» **Dataset content**:
↓↓↓
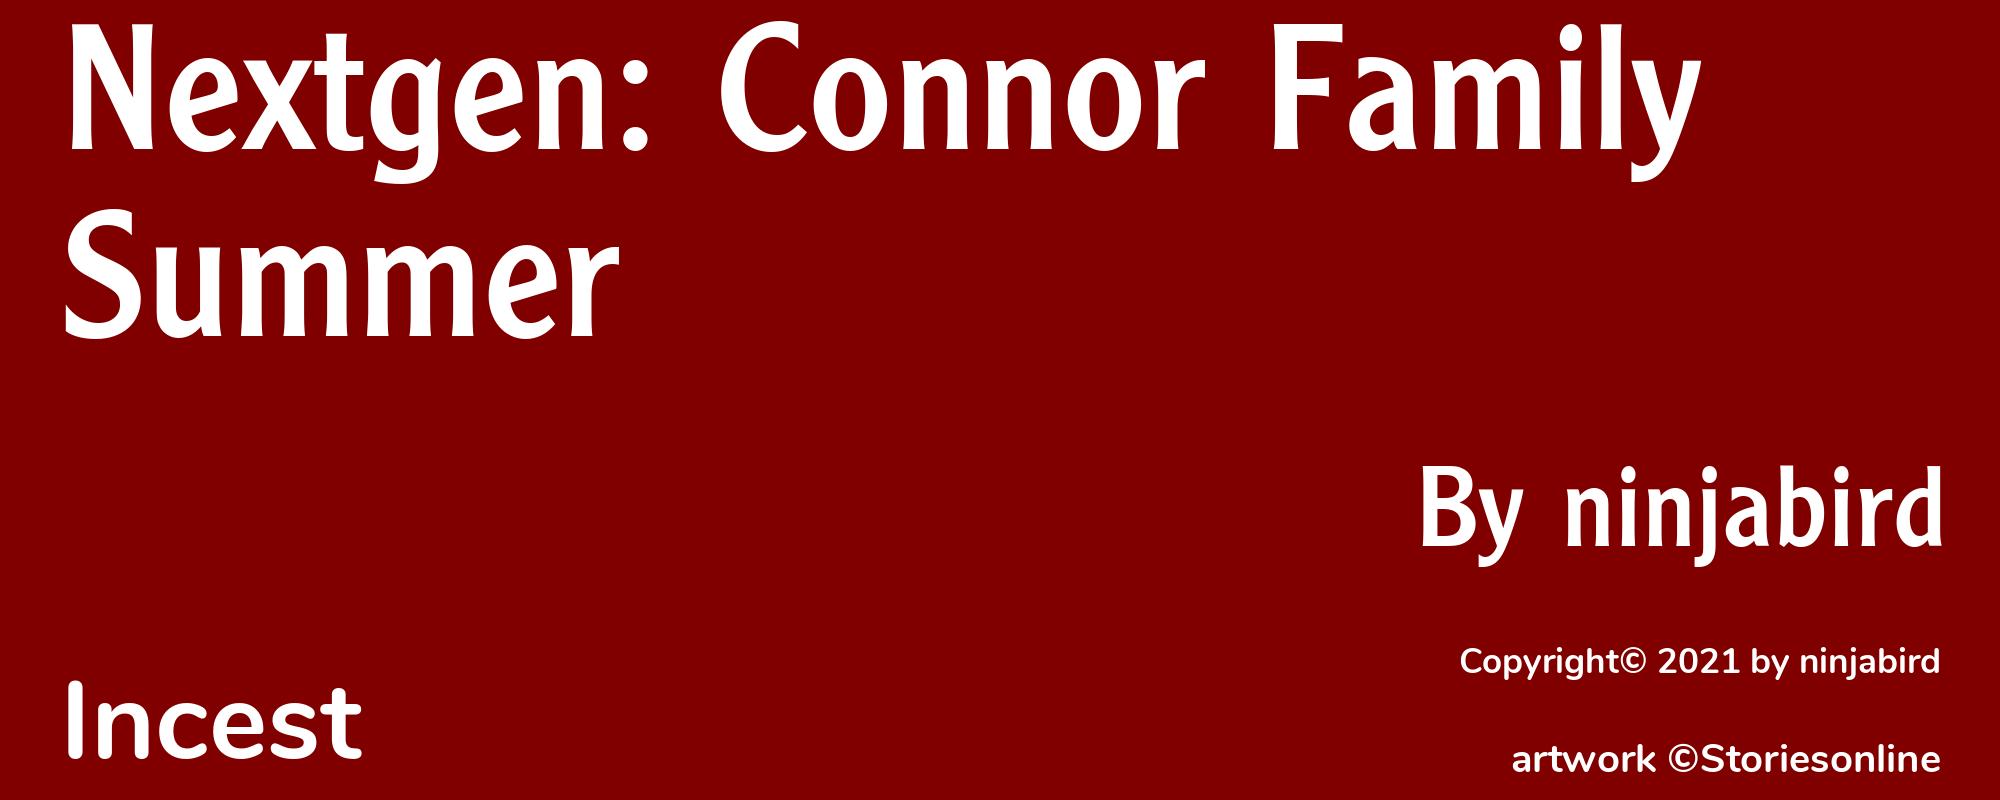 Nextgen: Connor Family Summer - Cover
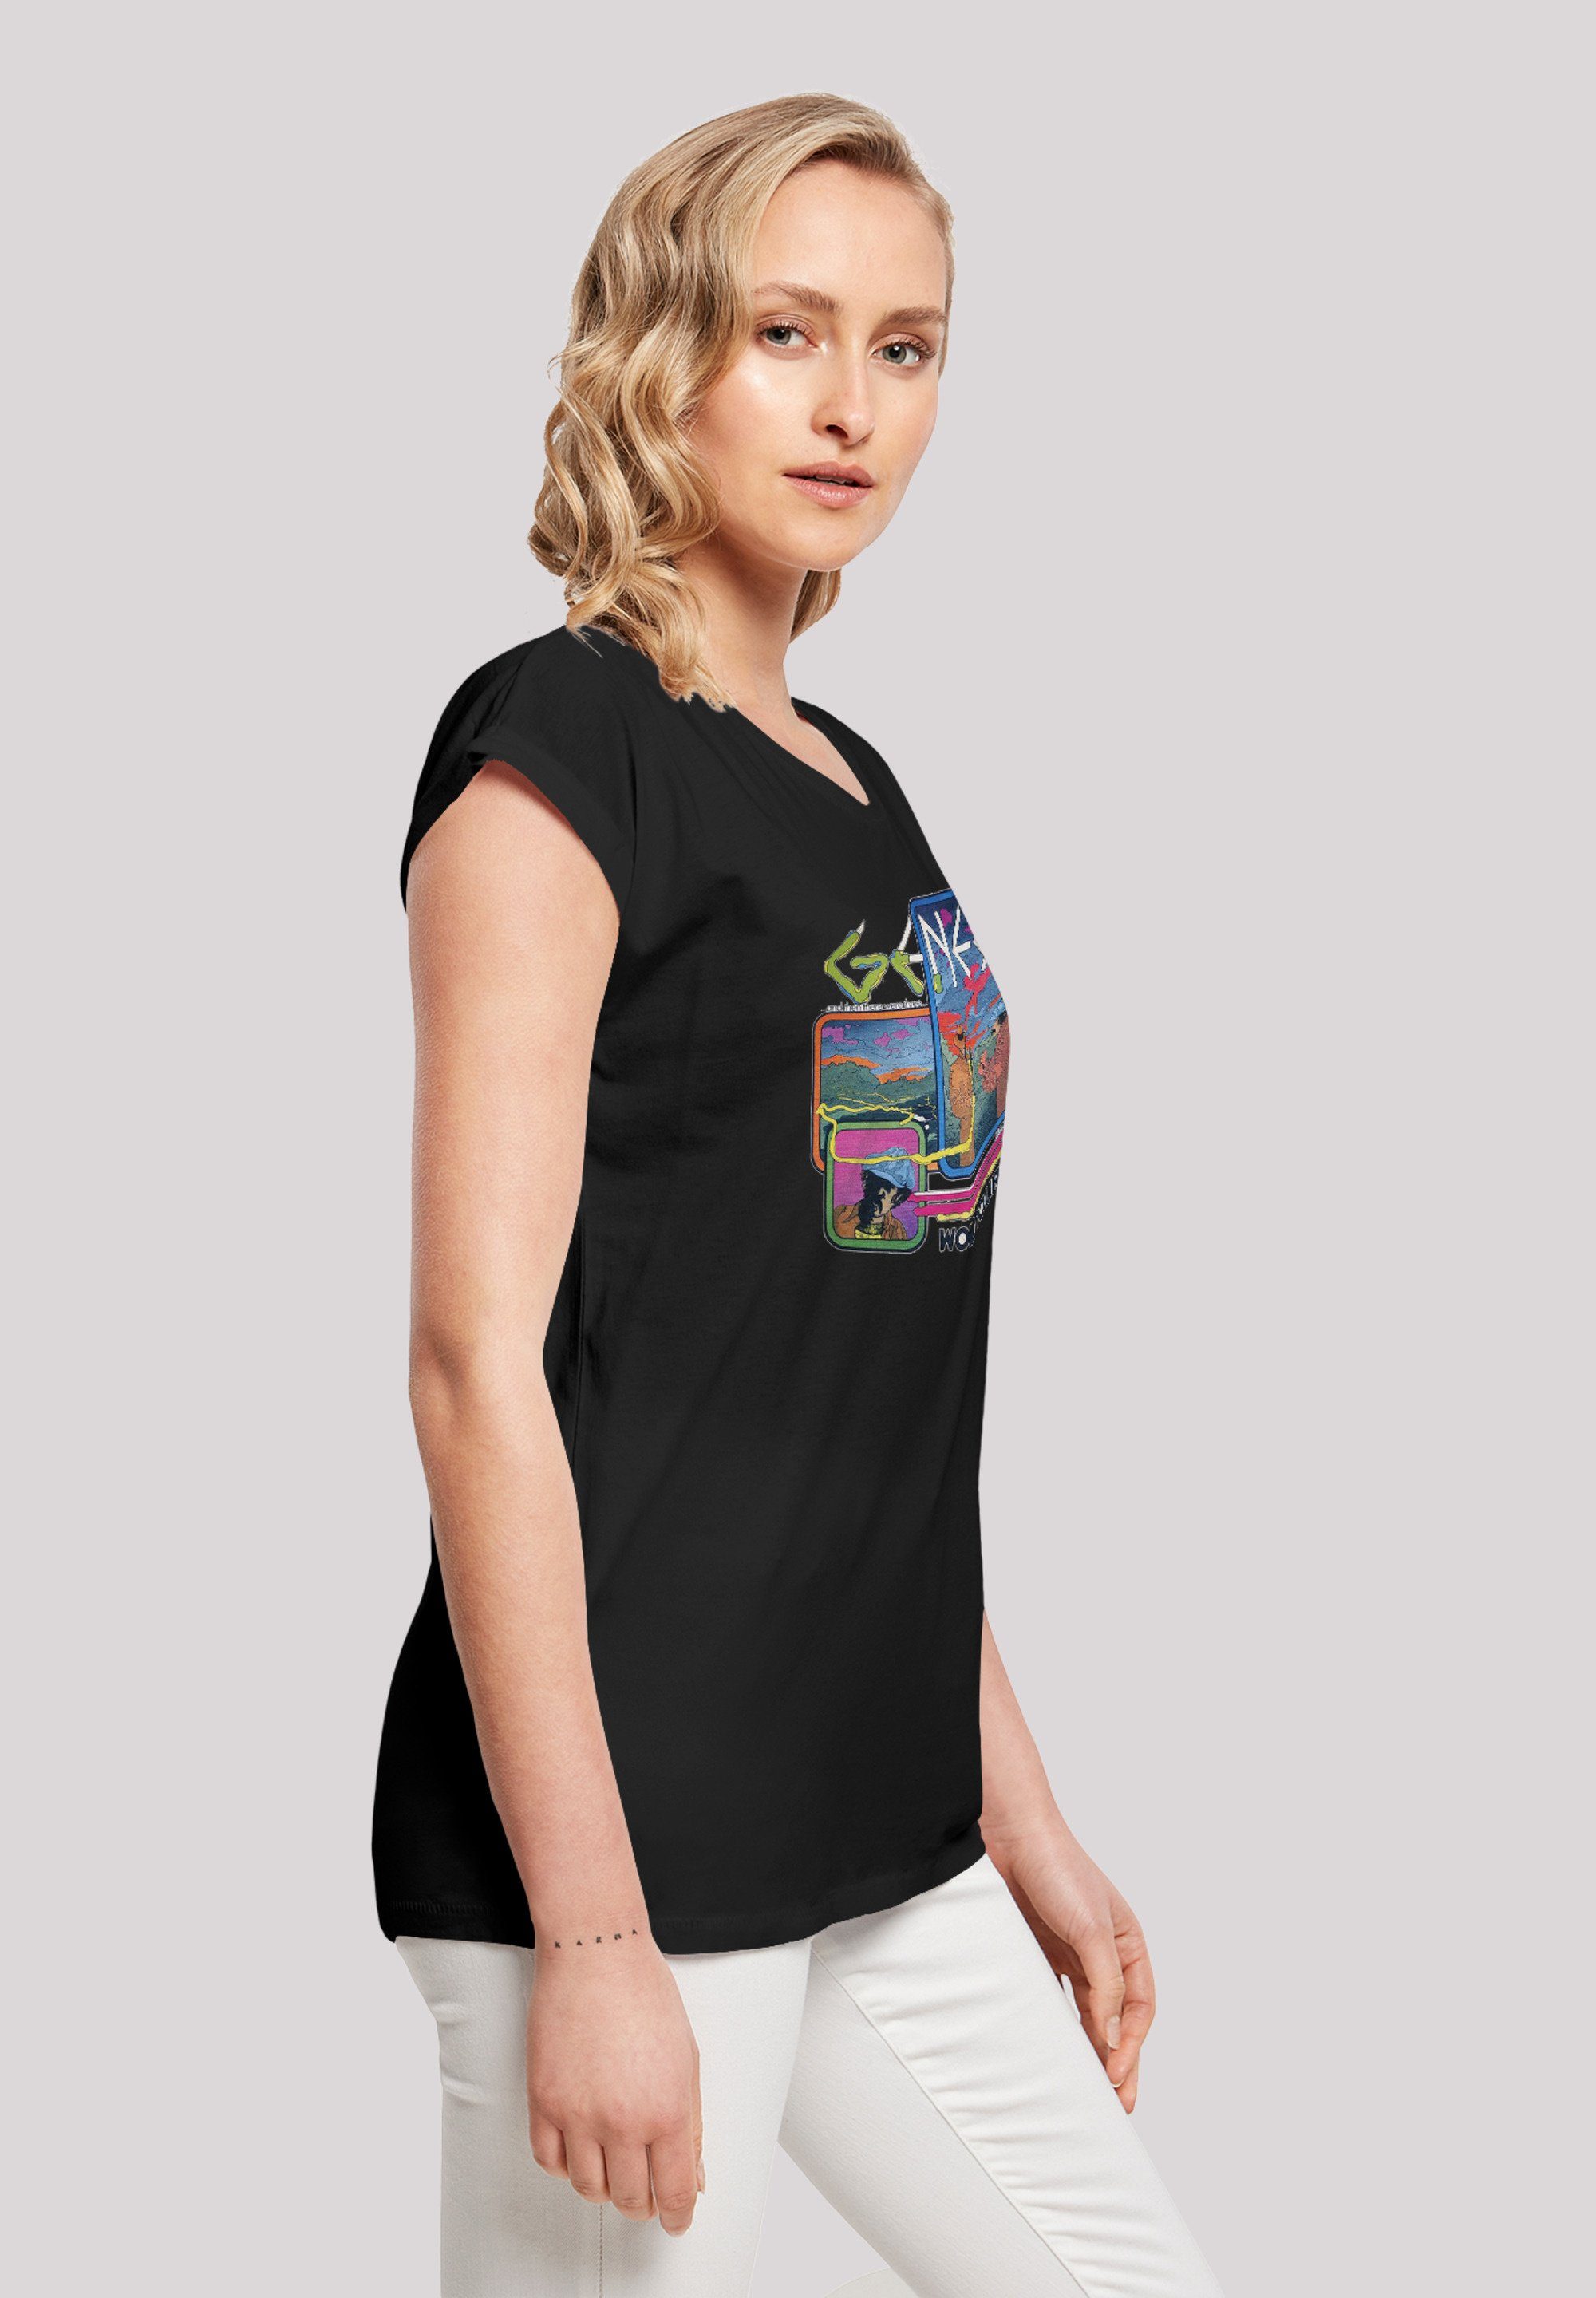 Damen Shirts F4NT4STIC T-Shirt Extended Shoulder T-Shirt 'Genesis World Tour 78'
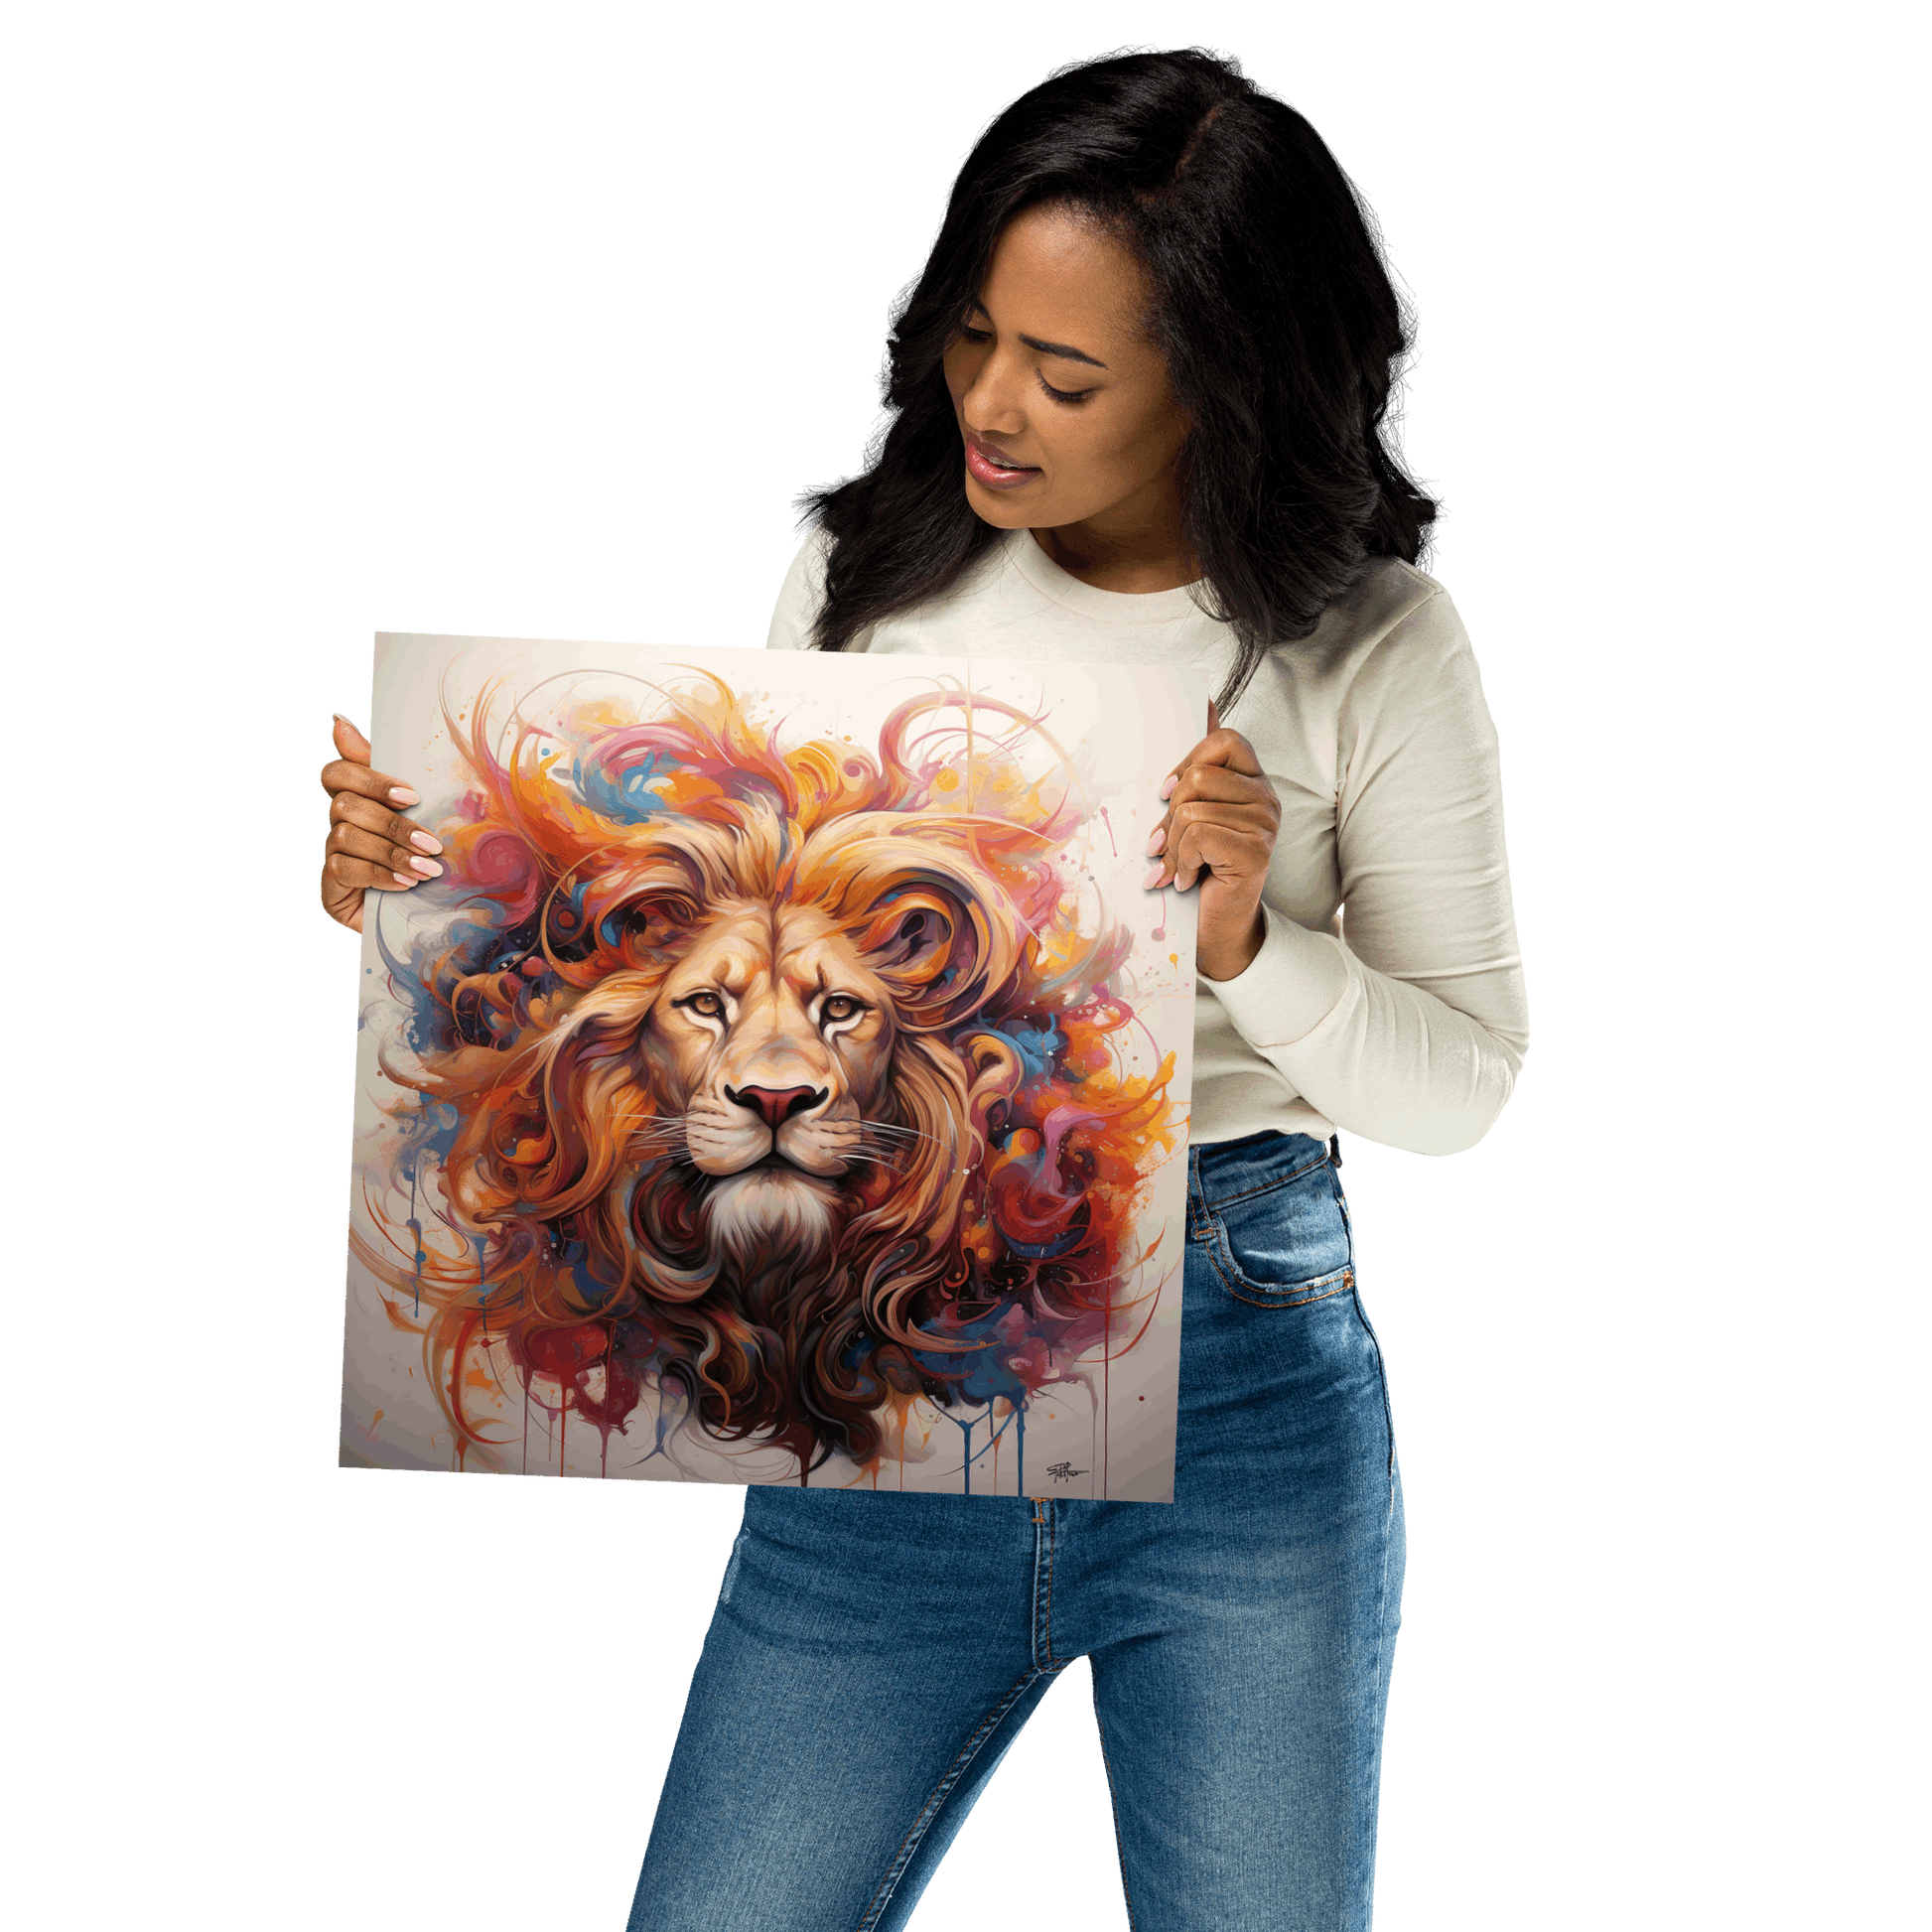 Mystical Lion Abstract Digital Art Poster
↑↑↑
» **Work instructions**:
A verbatim rendering of the listing above is required, without any of its pictures.

» **Solution for this exercise**:
 Nextgen: Connor Family Summer - Cover
 Damen Shirts F4NT4STIC T-Shirt Extended Shoulder T-Shirt 'Genesis World Tour 78'
 Mystical Lion Abstract Digital Art Poster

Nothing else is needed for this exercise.